Liquids pumped from below ground level generally contains an amount of air entrained with the liquid. Pumps designed to pump liquids from underground wells are hindered by the problem of separating gases present with the liquid to permit non-aerated liquid to reach the pump. Most well-head pumps are of the centrifugal type which can only reach maximum efficiency when gas free liquids are pumped since the denser liquid enables the pump to move a greater volume of fluid in a given period of time. In any pumping system, the capability of handling large volumes of gases is extremely desirable, for example, a ground dewatering wellpoint system often encounters a situation where the volume of water to be pumped is relatively small compared with the volume of gases extracted. In such systems, i.e., low water volume, it is desirable to connect a number of wellpoints by means of a manifold to a single well-head pump system. The limiting factor, however, is the volume of air that the pumping system can handle. Accordingly, the larger the number of wellpoints that can be handled by a single pump system, the more efficient and economical the operation.
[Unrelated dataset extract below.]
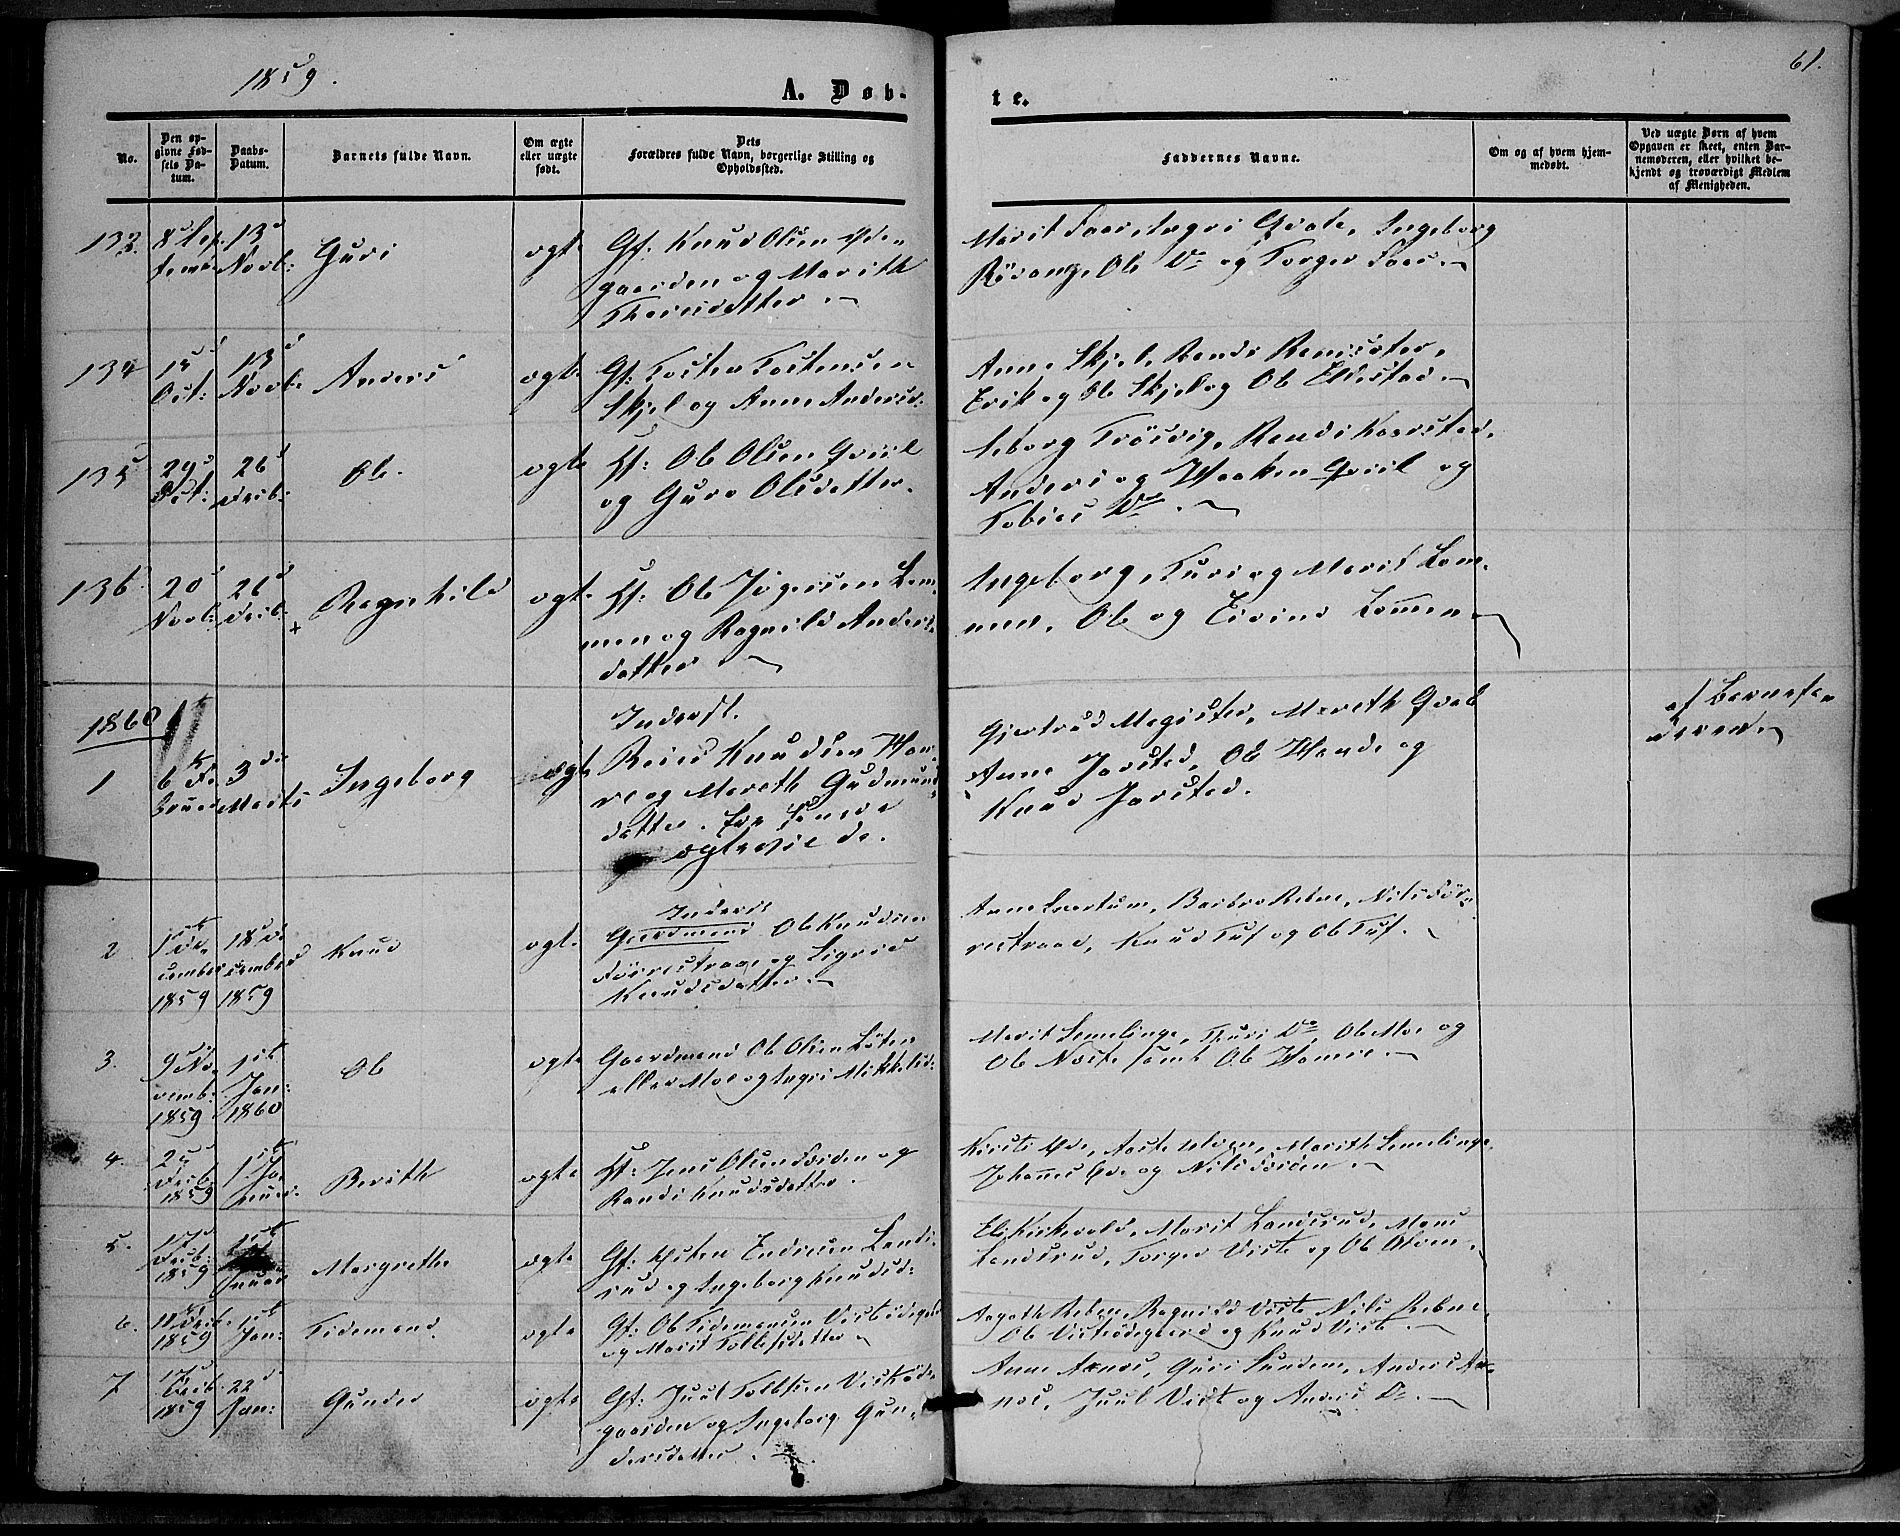 SAH, Vestre Slidre prestekontor, Ministerialbok nr. 2, 1856-1864, s. 61

Prior art liquid pumping systems have generally included some method and/or device for separating gases entrained in, and gases present with, the liquid being pumped. Heretofore, none of the known methods and devices have been completely successful in removal of the gases prior to the liquid entering the pump. One of the prior art techniques is shown, for example, in U.S. Pat. No. 2,318,251 to Moore, wherein a centrifugal pump is employed to drive water and a vacuum pump to effect discharge of air entrained in the water. A float member is disposed in a pipe which controls a valve. The valve, responsive to the rise of water in the pipe, controls introduction of air at atmospheric pressure into the pipe, thus reducing the vacuum provided by the vacuum pump.
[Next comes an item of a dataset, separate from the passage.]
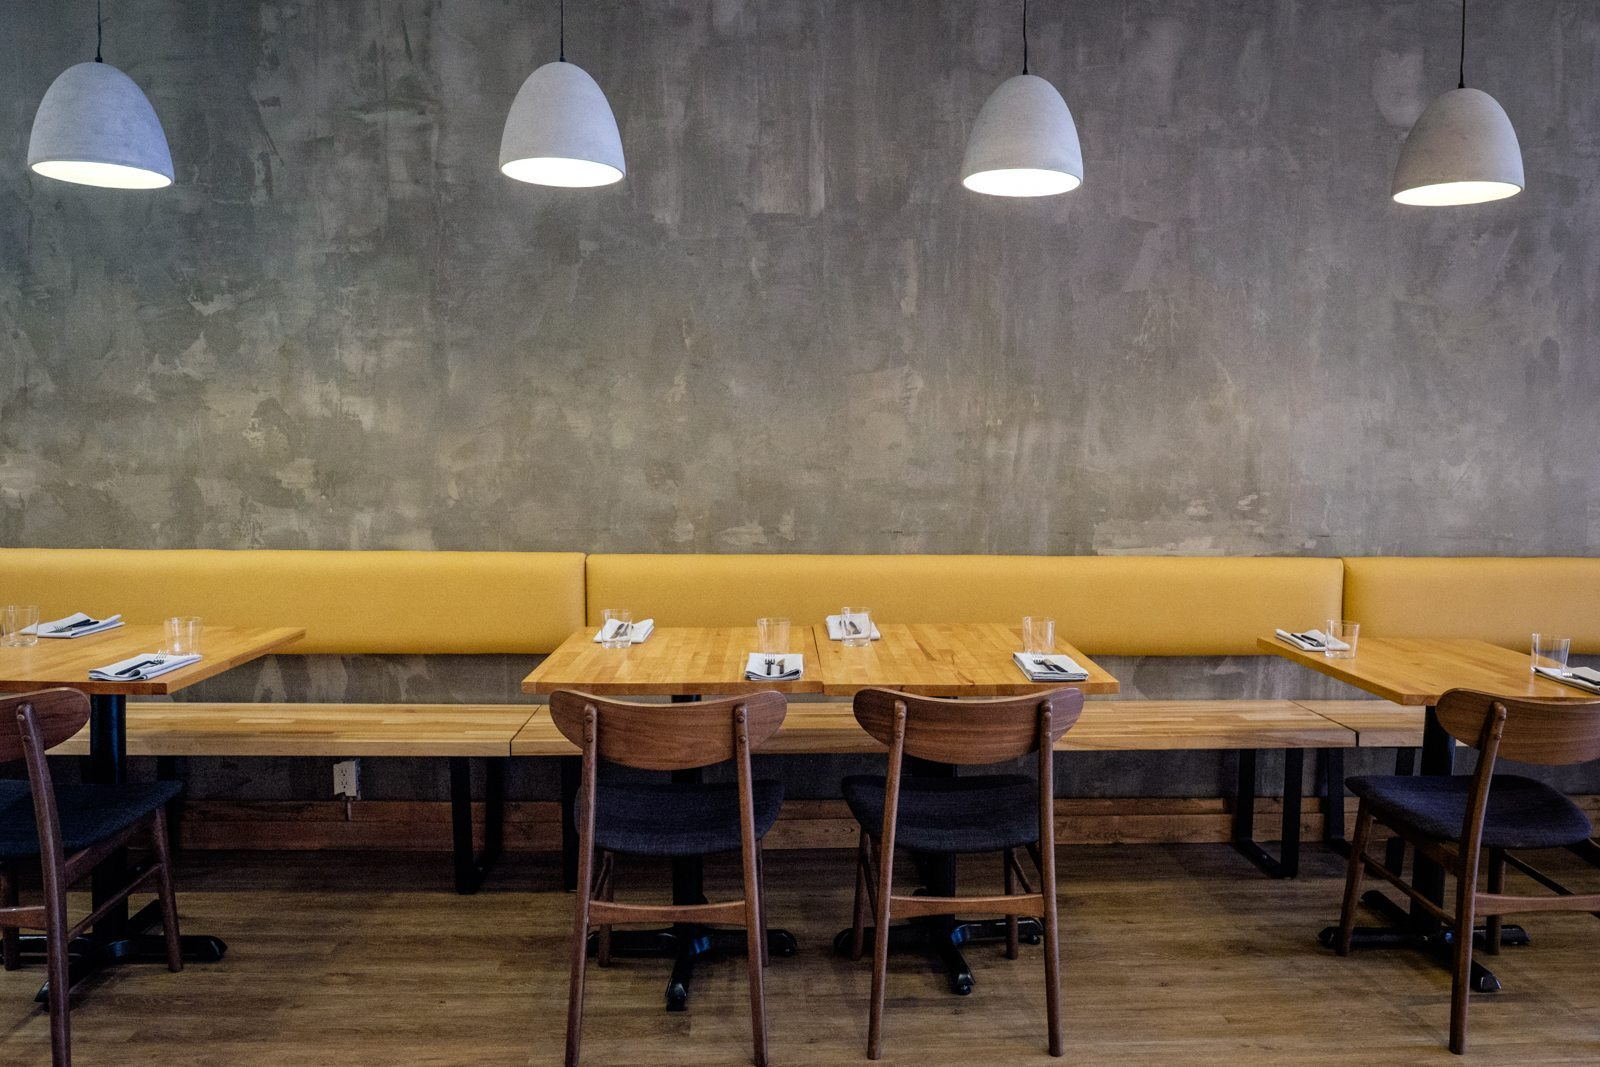 toronto-restaurants-canis-queen-west-canadian-dining-room-1

Other techniques include such systems and devices as taught in U.S. Pat. No. 3,726,303 to Allen et al and U.S. Pat. No. 2,322,910 to Adney et al which disclose modifications of the system taught in Moore (supra) wherein a double valve structure carried by a water-operated float member and disposed within a water-containing chamber is used to seal the chamber from the intake of liquid and vent the vacuum source to air at atmospheric pressure when a rise in the water level causes the float member to rise.
A serious disadvantage of prior art gas and liquid handling valves and pumps resides in the fact that when the air handling pump uses oil to effect a seal, as is common in most vacuum pumps used today, droplets of water and moisture laden air from prior art wellpoint valves will tend to mix with the oil thereby creating sludge and contaminating the oil feed to the air handling pump. While the techniques, devices and systems heretofore proposed and used in the art have ameliorated the situation to some extent, none have provided a simple device which substantially completely separates all gases entrained in, and with, the liquid well ahead of where the gas enters the intake of the air handling and liquid pumps and includes means for automatically controlling the level of liquid within the device so as to prevent the liquid from entering the air handling pump.